With the right AI logic behind them, algorithms can be trained to assess the intent in each email, classify each one, allocate the right priority, and send the email to be actioned by the right team. This is a powerful example of where operational staff roles can change as AI replaces one mundane aspect of the job with a higher skilled one as they help train new models – augmenting, rather than replacing, existing processes.

Flexibility not profligacy

Technological advancements in this field are evident, and it is easy to get caught up in AI-mania when it is pervasive in every media outlet you turn to. However, it is simply not feasible to replace the minefield of incumbent systems that are embedded and essential to running a bank.

Nor is it a prudent exercise. To quote McKinsey: “[Re]building systems in house proves to be a difficult, resource-draining task that often costs organizations from €50 million to €300 million”.  Therefore, in order to unlock near term ROI and new cost structures from a digital infrastructure, any AI solution that is selected must be flexible enough to either extend the life of, or straddle, existing technologies.

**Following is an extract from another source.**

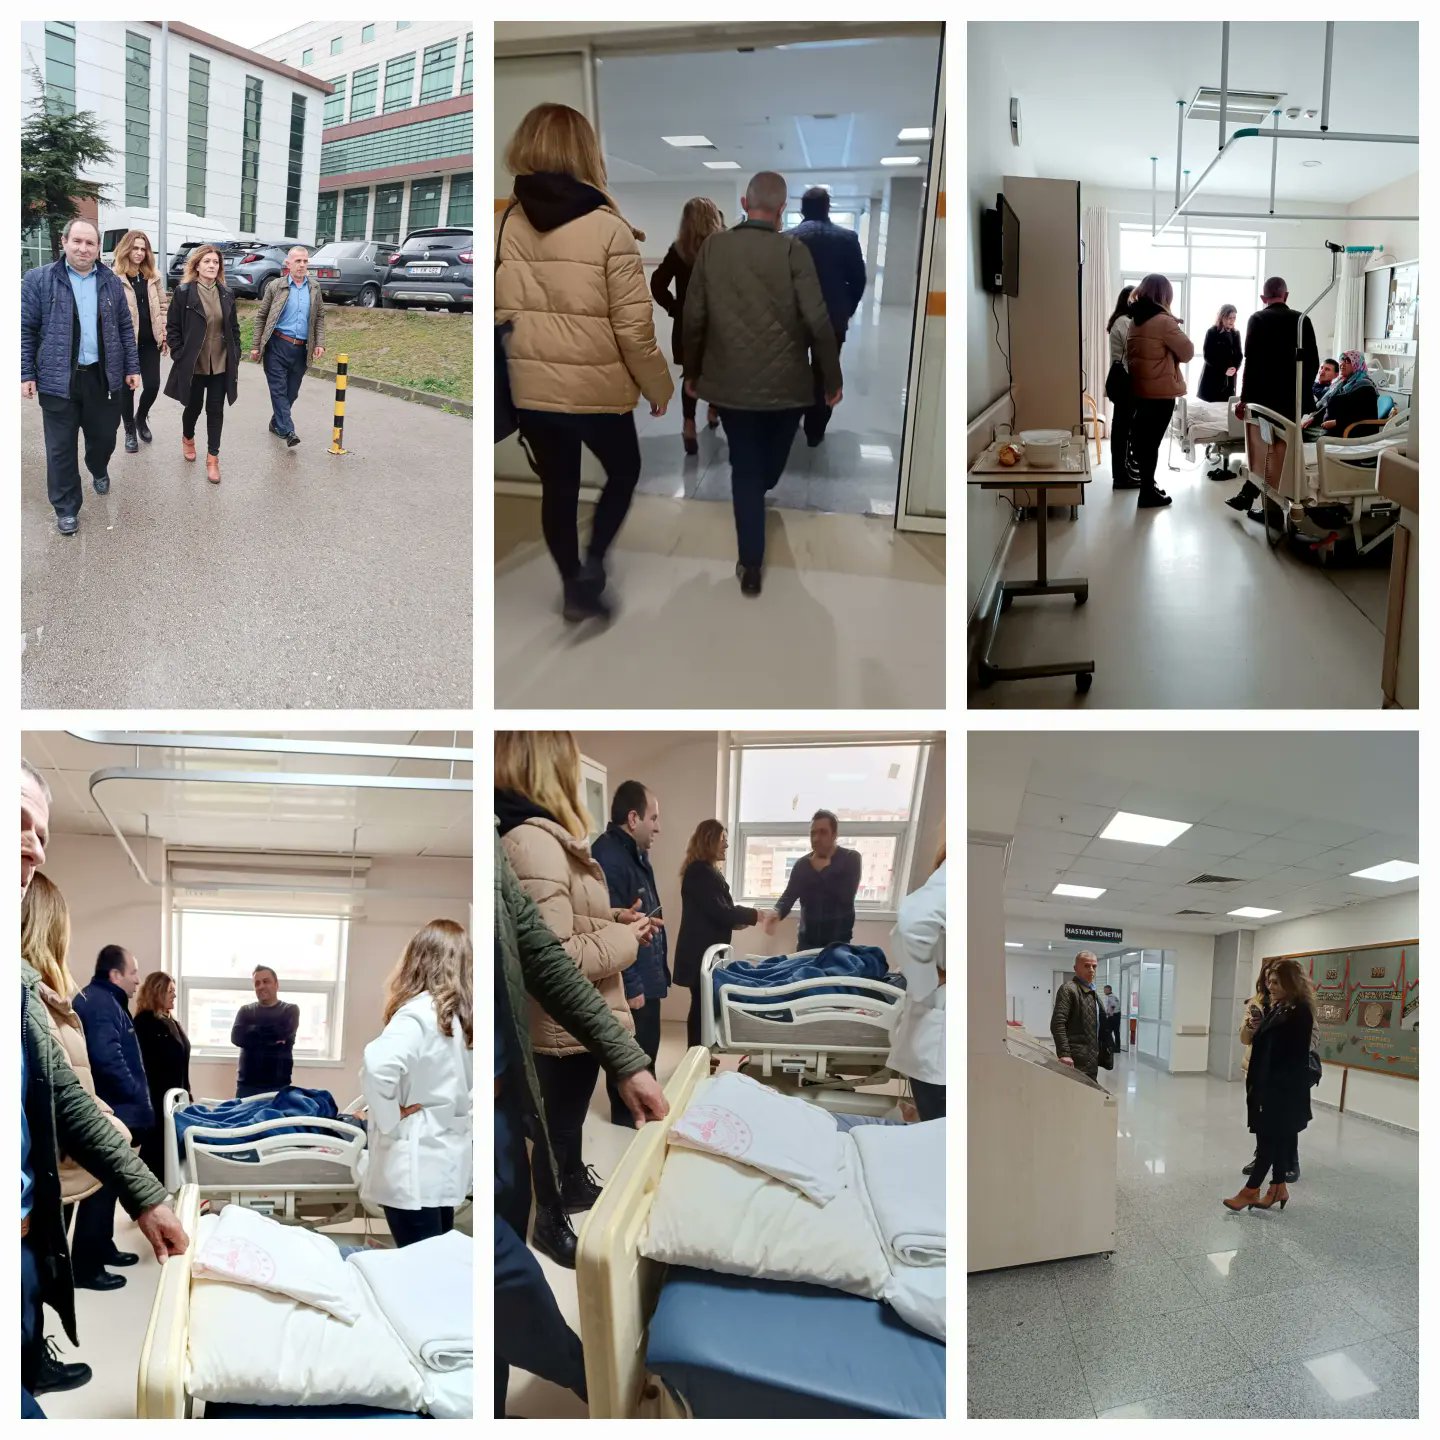 İl Başkanımız Serap Çakır, İzmit ilçe başkanımız Ömer Uçar, yönetimimizle,deprem bölgesinden ilimize getirilen vatandaşlarımızı, Kocaeli Üniversitesi Hastanesi'nde ziyaret ettik.

Pragmatism for the path ahead

AI is by no means a new phenomenon, but as the convergence of new technologies such as cloud-computing and big data present new applications for AI, the question now is how and where to implement it most effectively. As the financial services industry continues to evolve and new pressures are put upon institutions such as the threat of cyber-attack, new regulations or challenger institutions, the ability to apply AI to the right operations will be essential for industry success.

This requires a well thought out plan for accessing and leveraging existing or new data assets, and the best returns are driven by a clear definition of the problem and the solution desired. What is evident is that a pragmatic view is always best when choosing the right path and the right partner to guide you into the future.